It’s over, finally. I did what I have been avoiding for a long time. I cut ties with my Ex. It was time. As much as I wanted to be friends, it was never going to happen. As long as HWSNBN is in the picture, being friends won't work, not now, not ever. I mean, really, how can two people be friends when the thing that destroyed them is there as a constant reminder of the hurt, lies, betrayal, hate, and all the rest of it?
So, I composed myself, and made the call. I asked her how we could be friends when I can never go to her home and share a meal with her at her table, or just hang out and watch a movie, etc. She responded by telling me that she was living in a fantasy world, she didn't know how it would work, and that I was right. I asked her where she thought she's going to go with this whole fantasy life and how she can be so naive, but I already knew the answer to my own question. Fact is, she has always wanted what she wants, when she wants, so I didn't expect much more from her. In the end, I told her: Being friends isn't going to work, so I have to let you go. Be happy in your life, take care of yourself, and if one day you decide to do the right thing, so be it. Until then, it’s good-bye.

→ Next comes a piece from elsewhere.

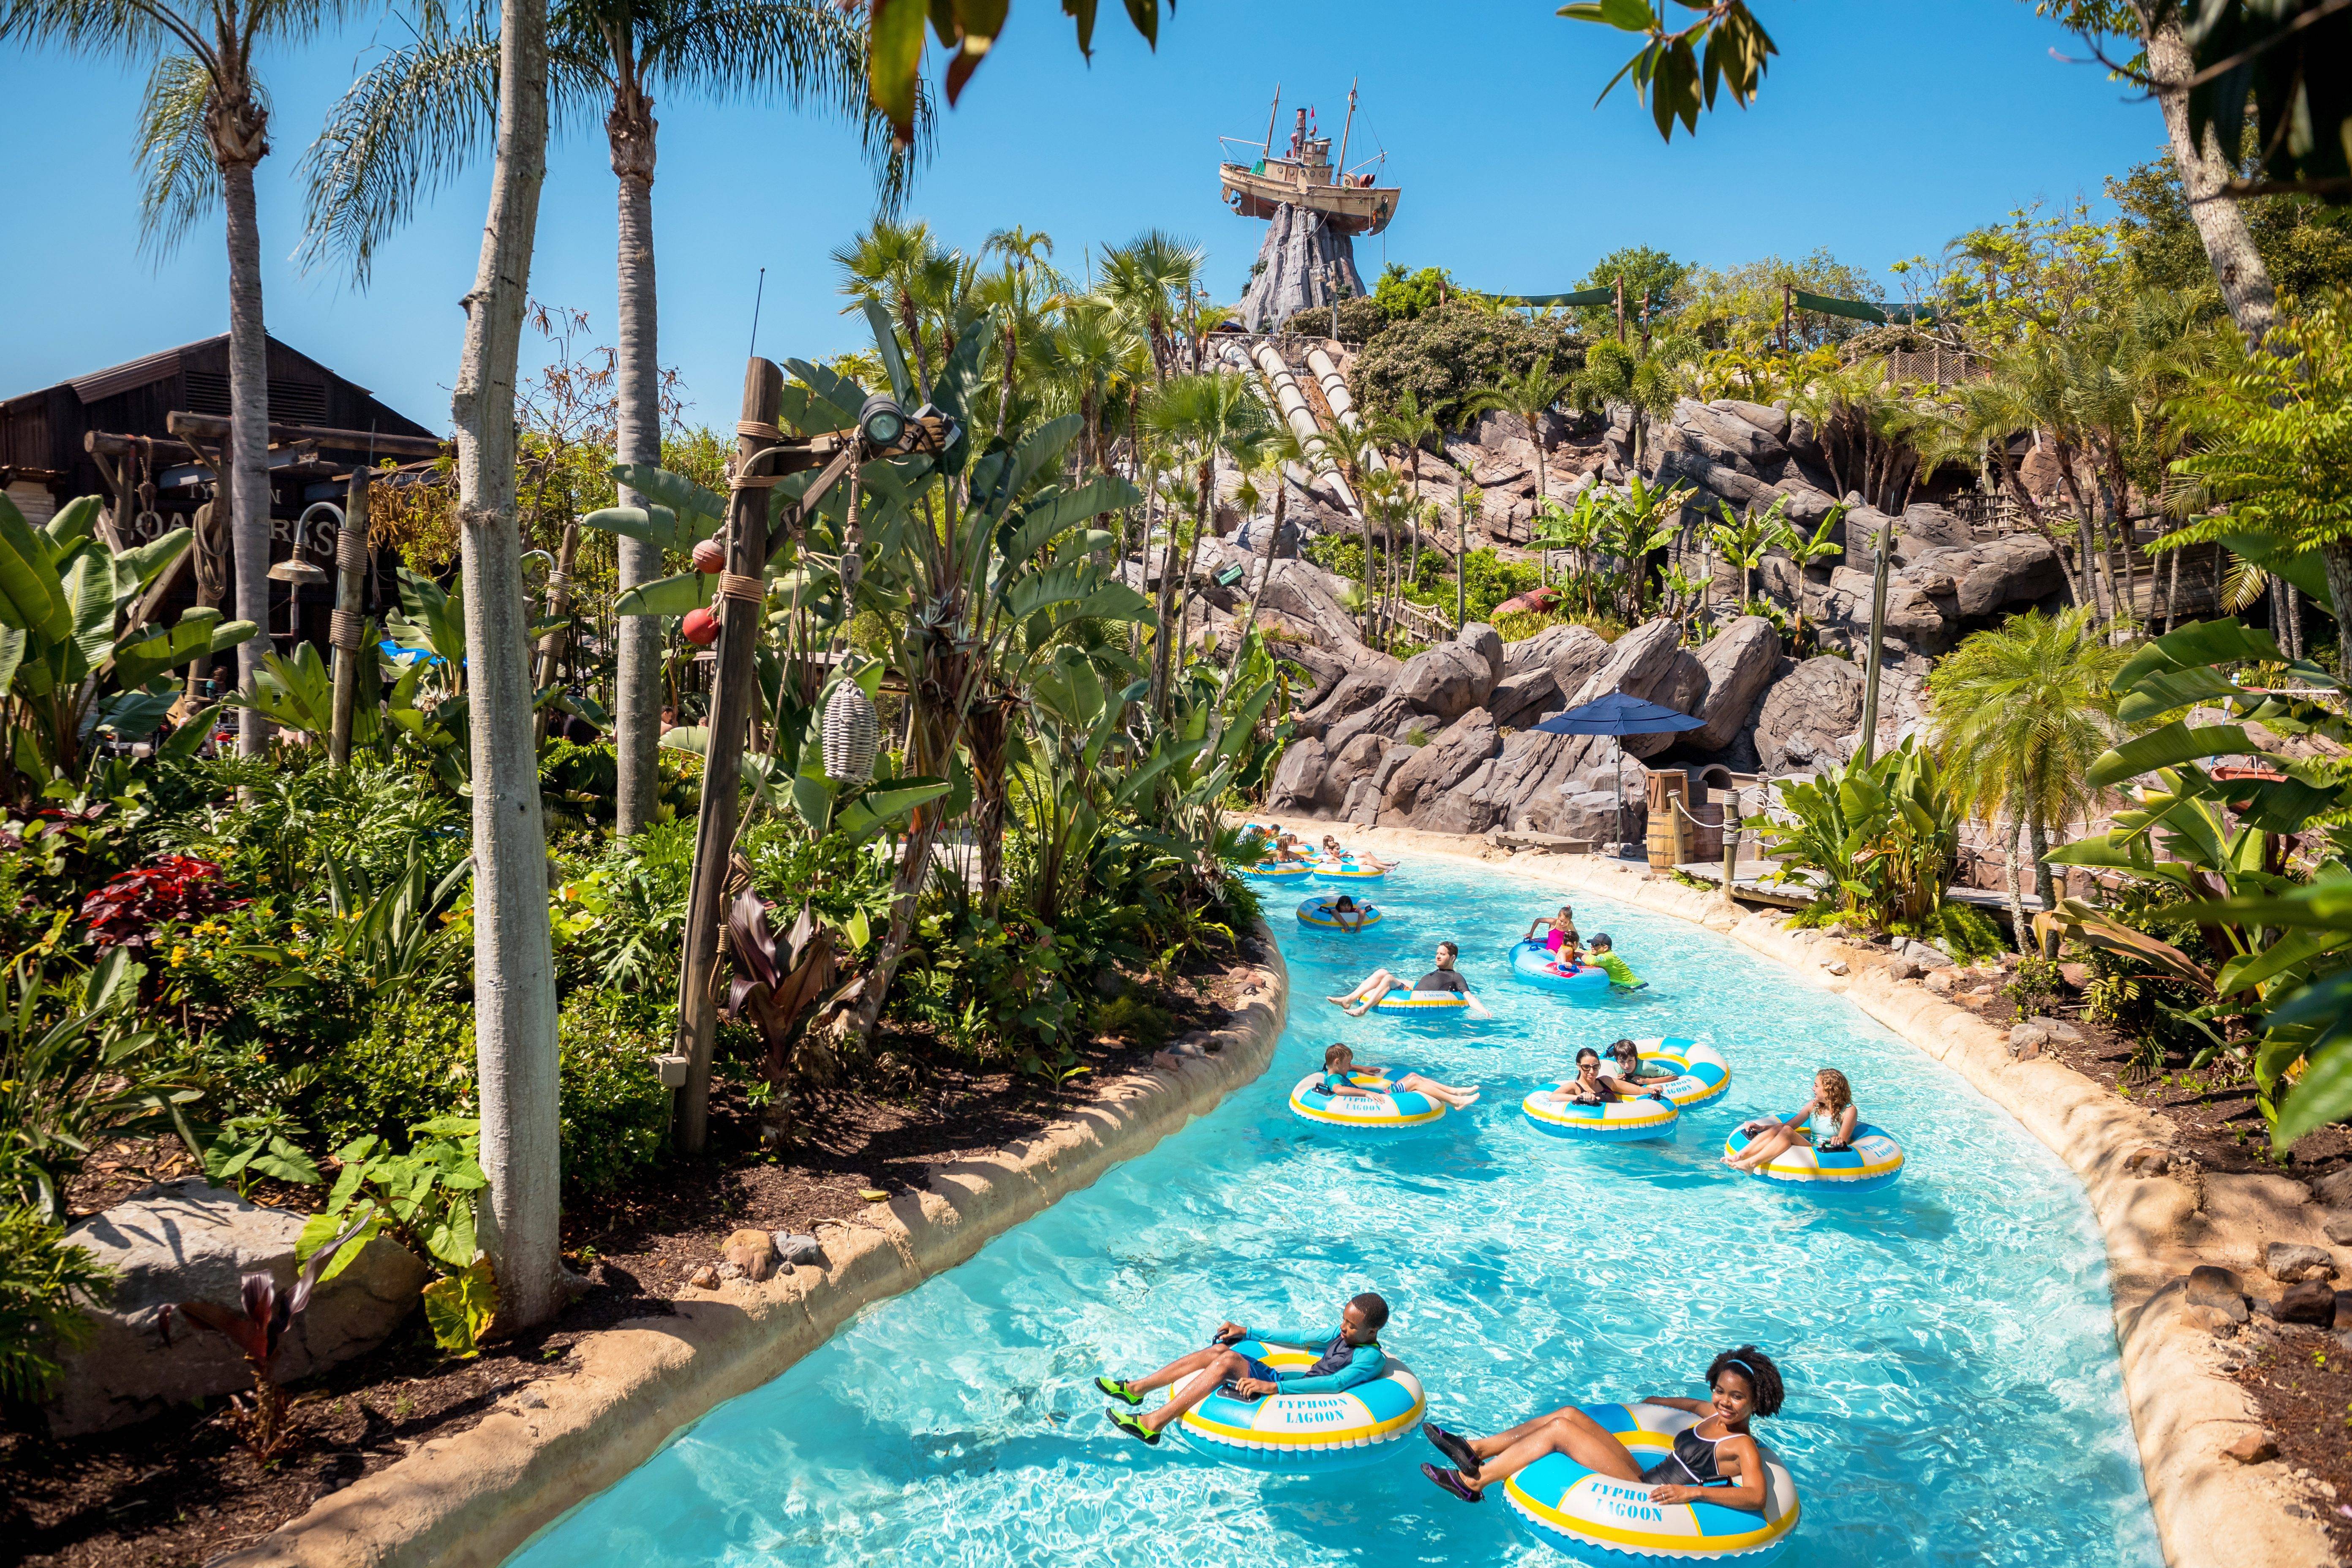 1 Day at a Disney water park is now $79

I feel so sad & empty today (actually, I feel kind of sick, to tell you the truth) because I have fought for this friendship for two years, not knowing I was being lied to (read my older posts for the back story) the whole time, and now I had to be the one to do the right thing. Oh well, I guess it’s for me & my mental health, and I hope it will help her figure things out for herself. This really was the only way out for both of us. I don’t want to hurt her, and I don’t want to be hurt again. I will be sad, and I will miss her, but maybe, just maybe, some good will come from all of this.